Saturday, 23 June 2012

Indian Policy: The 1969 White Paper

The 1969 White Paper tabled by the Federal Government had the most profound effect on the Indian and government relationship. For the first time in history the Indian people were united in a collective way across Canada to oppose the Canadian government’s White Paper initiative. Today however, the intent of the 1969 White Paper is alive and well because Aboriginal Affairs and Northern Development Canada is capable of absorbing progressive self government ideas and crafting them to fit their assimilative purpose. ‘Self-government’ today comes in a tightly defined form similar to a municipal model in which a community has to apply and qualify for.

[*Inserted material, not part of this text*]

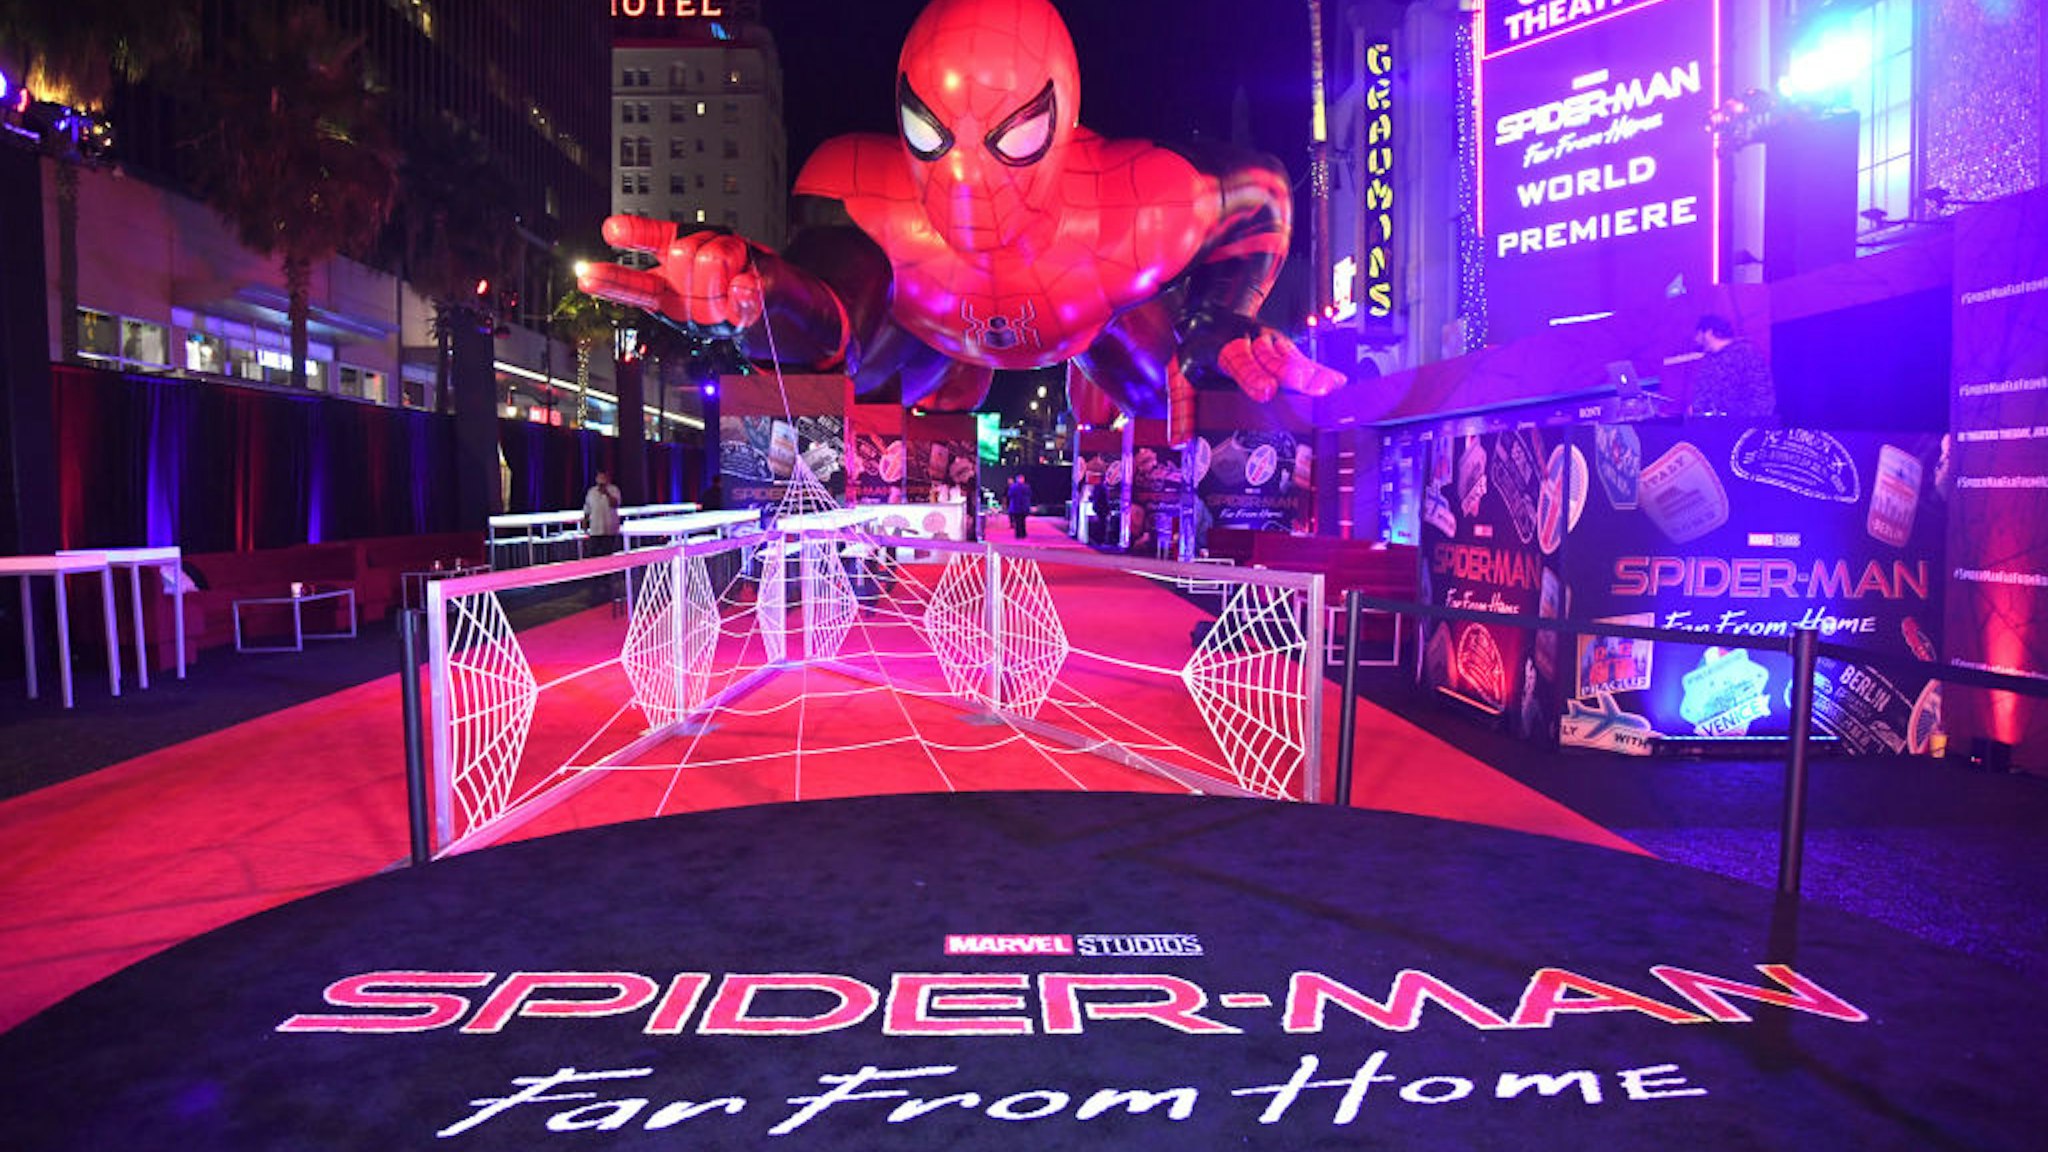 HOLLYWOOD, CALIFORNIA - JUNE 26: A general view is shown at the after party for the premiere of Sony Pictures' "Spider-Man: Far From Home" on June 26, 2019 in Hollywood, California. (Photo by Kevin Winter/Getty Images)

This paper will examine prior policy developments before 1969 to provide the background to the White Paper process, a review the content of the 1969 White Paper to highlight the important issues that the government wanted to terminate and how the government planned to address its legal obligations, the First Nation’s response to the White Paper and lastly, there will be a brief discussion on the policy initiatives that the government introduced after 1969. The conclusion will address the question how the government and Indian relationship was handled.

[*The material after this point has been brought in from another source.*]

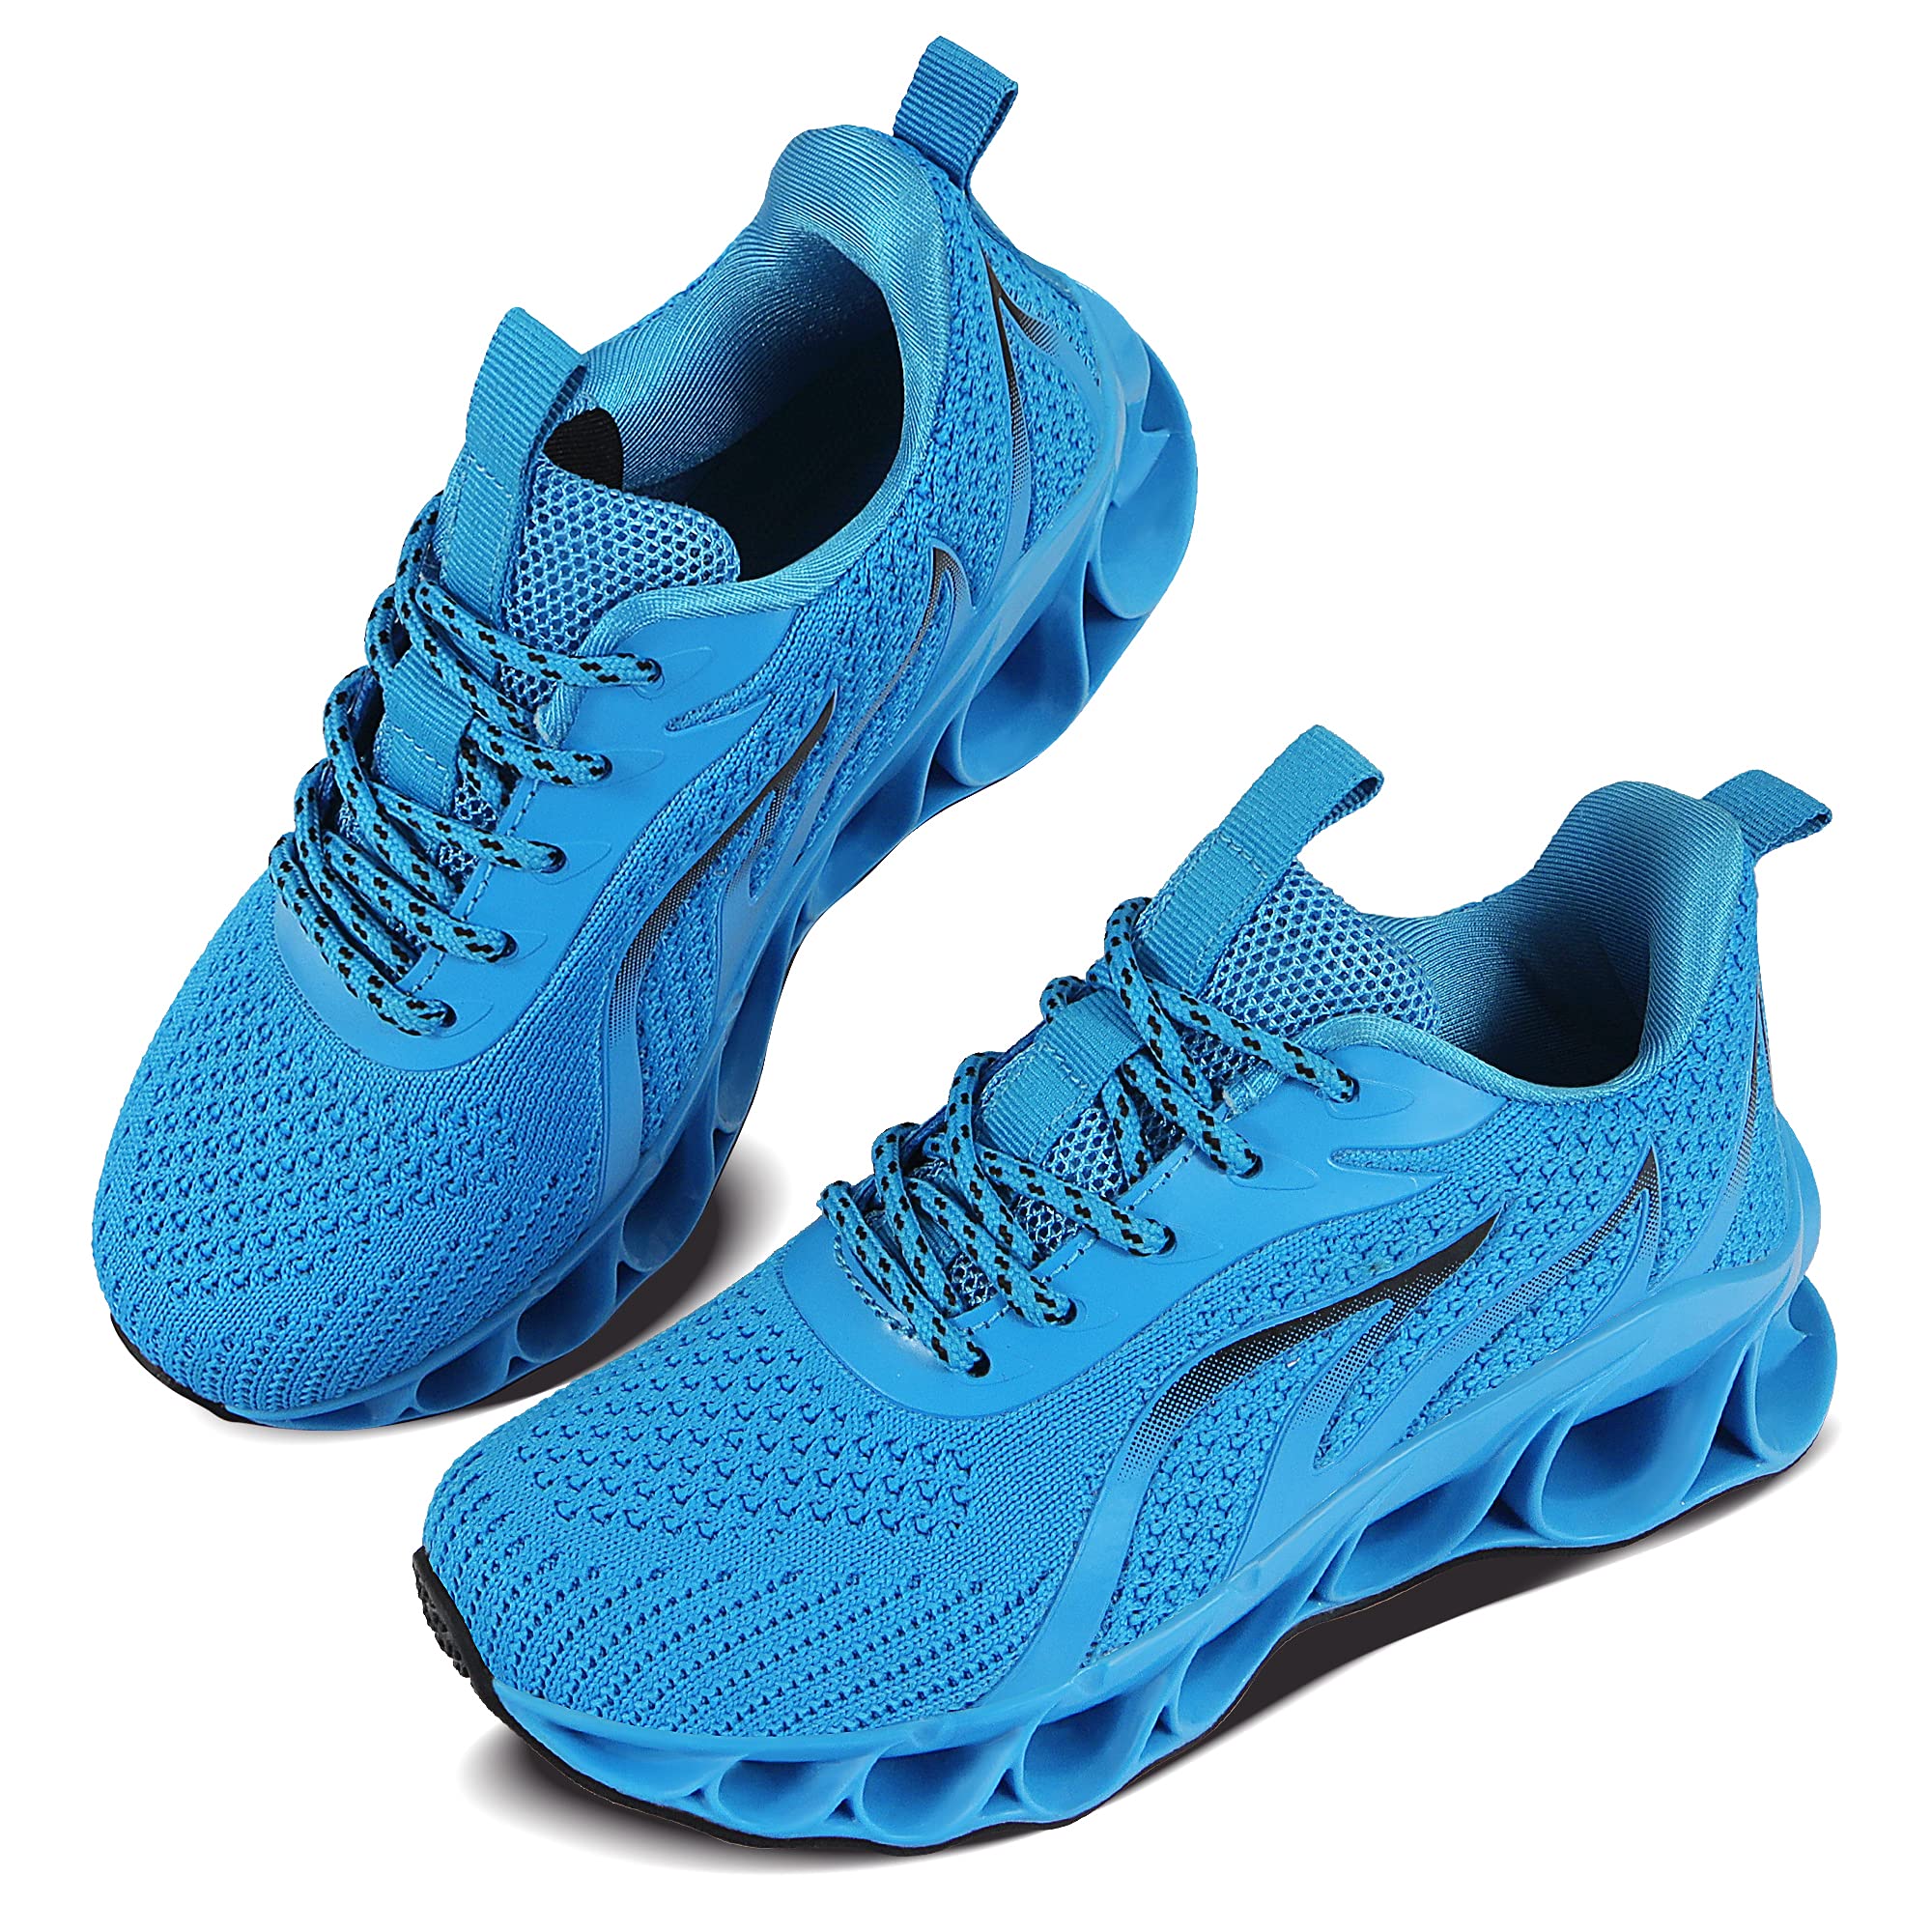 APRILSPRING Boys Girls Shoes Sneakers Running Breathable Tennis for Kids

            This part of the essay will mention Indian Policy development before Confederation in 1867, and discuss policies and legislation post Confederation. Much like the Royal Proclamation (1763) preceded Treaties, the Indian Act (1876) was consolidated legislation of the Gradual Civilization Act (1857).The British North America Act (1867) includes Section 91(24) which states "Indian and lands reserved for Indians". This implies that the word Indians was to control citizenship and membership to any group of Indians. “It was the first time through precedence of earlier legislation that non-aboriginal people can determine who was and was not considered an "Indian" in Canada and enshrined that definition in law”[1]. Lands reserved for Indians are intended to control and to manage lands through the reserve system. The Indian Act (1867) is explicit to deal with membership and how Indian reserves should be managed.
The Indian Act of 1876 is a policy to implement legislation Section 91(24) of the Constitution Act of 1867. Further to membership and land management, the Indian Act was explicit to the original government's concept of assimilation, enfranchisement and civilization. The Indian Act from 1876-1951 greatly controlled and the lives of Indian people, I.E. - the pass system, traditional practices and even legal counsel were denied to the Indian people. Sarah Carter in her book, Lost Harvest provides a complete picture how Indian farming was limited to merely make a living but not in the commercial sense for expansion or profit.[2]
Industrial schools were introduced to teach Indians how to work and be labor oriented to make their living. Residential schools were introduced in late 1880's with a specific objective to suppress Indian language, customs, history which was to be replaced with European education to assimilate and to be civilized to non aboriginal values and customs. Duncan Scott's famous quote "to kill the Indian in the child", was government's intent to follow its policy of assimilations.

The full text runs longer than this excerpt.